= Cold fission =

Fission events that generate no neutrons or gamma rays

Cold fission or cold nuclear fission is defined as involving fission events for which fission fragments have such low excitation energy that no neutrons or gammas are emitted.

Cold fission events have so low a probability of occurrence that it is necessary to use a high-flux nuclear reactor to study them.

According to research first published in 1981, the first observation of cold fission events was in experiments on fission induced by thermal neutrons of uranium-233, uranium-235, and plutonium-239 using the high-flux reactor at the Institut Laue-Langevin in Grenoble, France. Other experiments on cold fission were also done involving curium 248 and californium 252. A unified approach of cluster decay, alpha decay and cold fission was developed by Dorin N. Poenaru et al. A phenomenological interpretation was proposed by Gönnenwein and Duarte et al.

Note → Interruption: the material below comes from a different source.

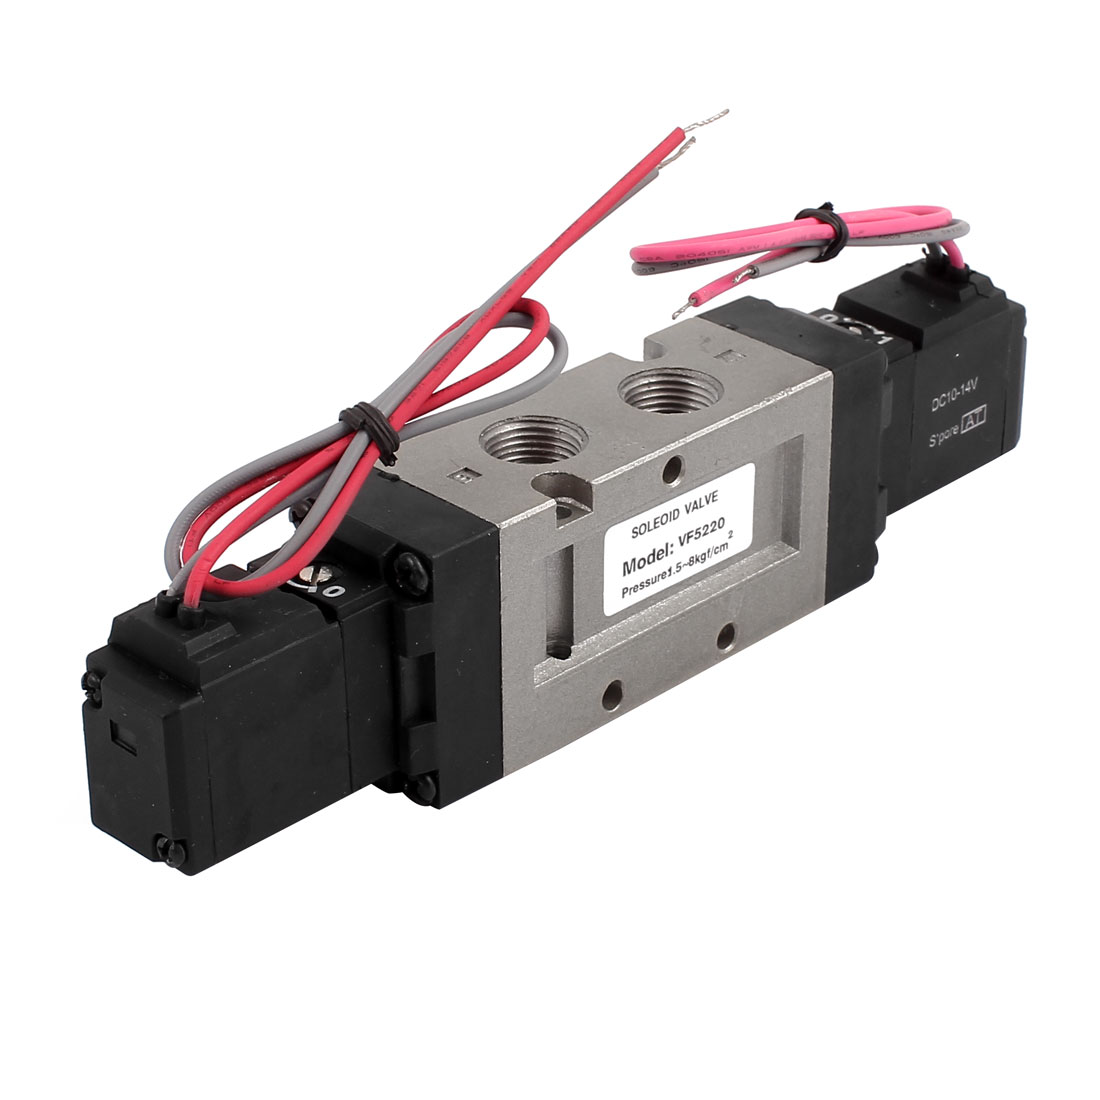 DC 12V 2 Position 5 Way 4 Wires Pneumatic Solenoid Valve VF5220-6GB

The importance of cold fission phenomena lies in the fact that fragments reaching detectors have the same mass that they obtained at the "scission" configuration, just before the attractive but short-range nuclear force becomes null, and only Coulomb interaction acts between fragments. After this, Coulomb potential energy is converted into fragments of kinetic energies, which—added to pre-scission kinetic energies—is measured by detectors.

The fact that cold fission preserves nuclear mass until the fission fragments reach the detectors permits the experimenter to better determine the fission dynamics, especially the aspects related to Coulomb and shell effects in low energy fission and nucleon pair breaking. Adopting several theoretical assumptions about scission configuration one can calculate the maximal value of kinetic energy as a function of charge and mass of fragments and compare them to experimental results.